Tuesday, October 18, 2011

Short Story: "All You Zombies"

The short story "All You Zombies" is a very interesting story that takes a while to understand what exactly is going. After a long time discussing and looking up the story on Wikipedia I finally get what the story is about. I realized that the story has a lot of science fiction elements in it including intellectual excitement, high adventure, and an ambiguous that leaves you to your imagination. The story has a lot of time travel and would not make any sense or wouldn’t be possible without the fact of a time machine. What I got from the story was that a girl, named Jane, was dropped off at an orphanage when she was little. No one knew where she came from or who her parents were. She grows up and falls in love with a man, who seduces her and makes her pregnant. She goes to the hospital, has the baby, to then find out that she had two sets of organs, men and women. The woman organs were used up from having the baby so the doctors took them out, leaving her to be a man whose name changed to the Unmarried Mother. The baby is then stolen from the hospital and the theft was never found. The Unmarried Mother then grows up to be a bartender. The beginning of the story starts with the bartender talking to the Unmarried Mother. The Unmarried Mother then tells the story of his life and the bartender realizes that it’s his life. The bartender takes the Unmarried Mother back in time to find out who the theft was. The Unmarried Mother then finds Jane and seduces her because you can’t resist seducing yourself. The bartender then goes further in time to steal the baby that Jane has. Then you realize that all the characters in the story are all one person, Jane.
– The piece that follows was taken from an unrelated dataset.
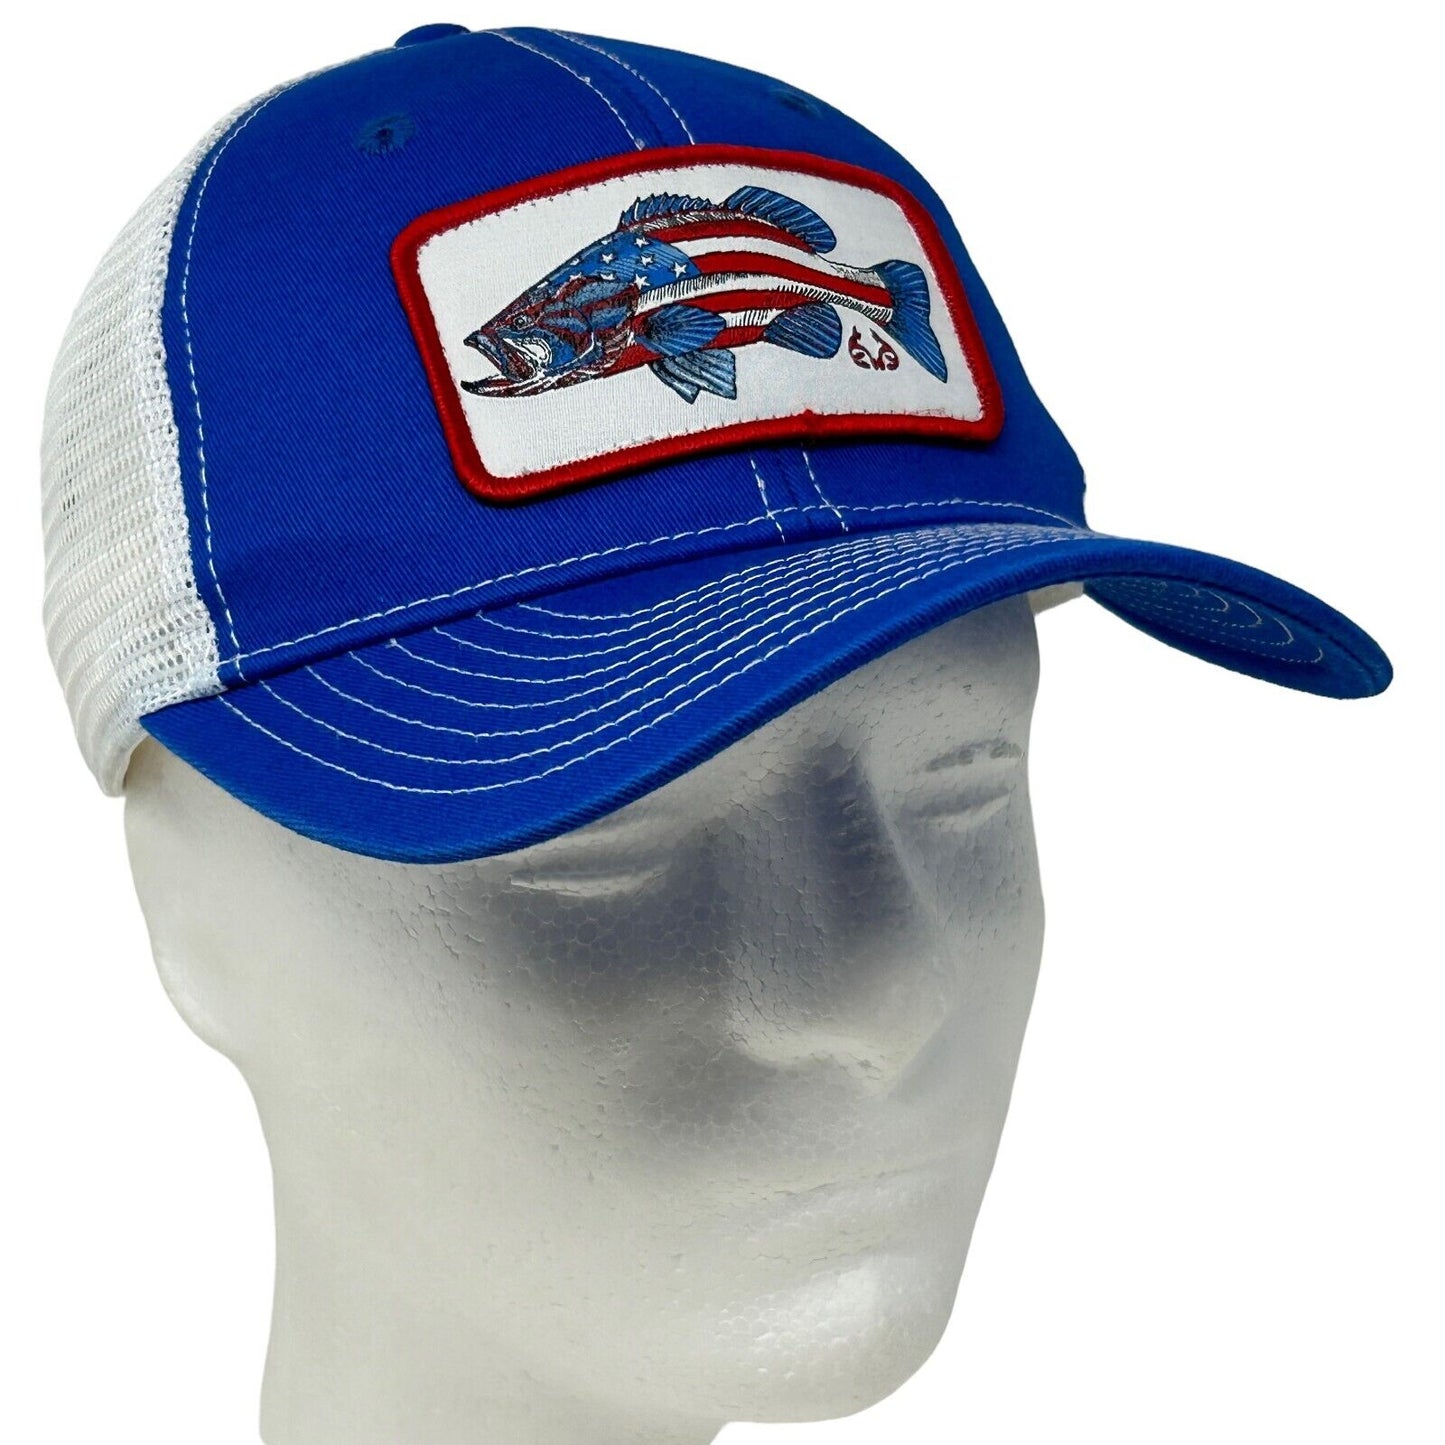 Realtree Patriotic Fishing Trucker Hat Fisherman Blue Mesh Snapback Baseball Cap

Jane grows up to be the Unmarried Mother, and then the bartender. When he reaches the age that he is a bartender, he realizes he must complete the chain, and travel back in time with the Unmarried Mother. At the end of the book, you realize where the title comes from when the bartender thinks “I know where I came from, but where did all you zombies come from?” I think he is referring to he knows where he came from, but where did all of you, who are me, come from? I think that this is saying the only person left in the world is Jane. I find it weird that basically when Jane had the baby, she had her mother, father, and herself at the same time. The last words in the story are, “I miss you dreadfully,” creating an ambiguous ending.

2 comments:

  1. Beyond the SF elements that you so wonderfully pointed out. Heinlein produces a very twisted version of what might be able to happen if time travel goes awry. Great job working out the ideas in this tricky text.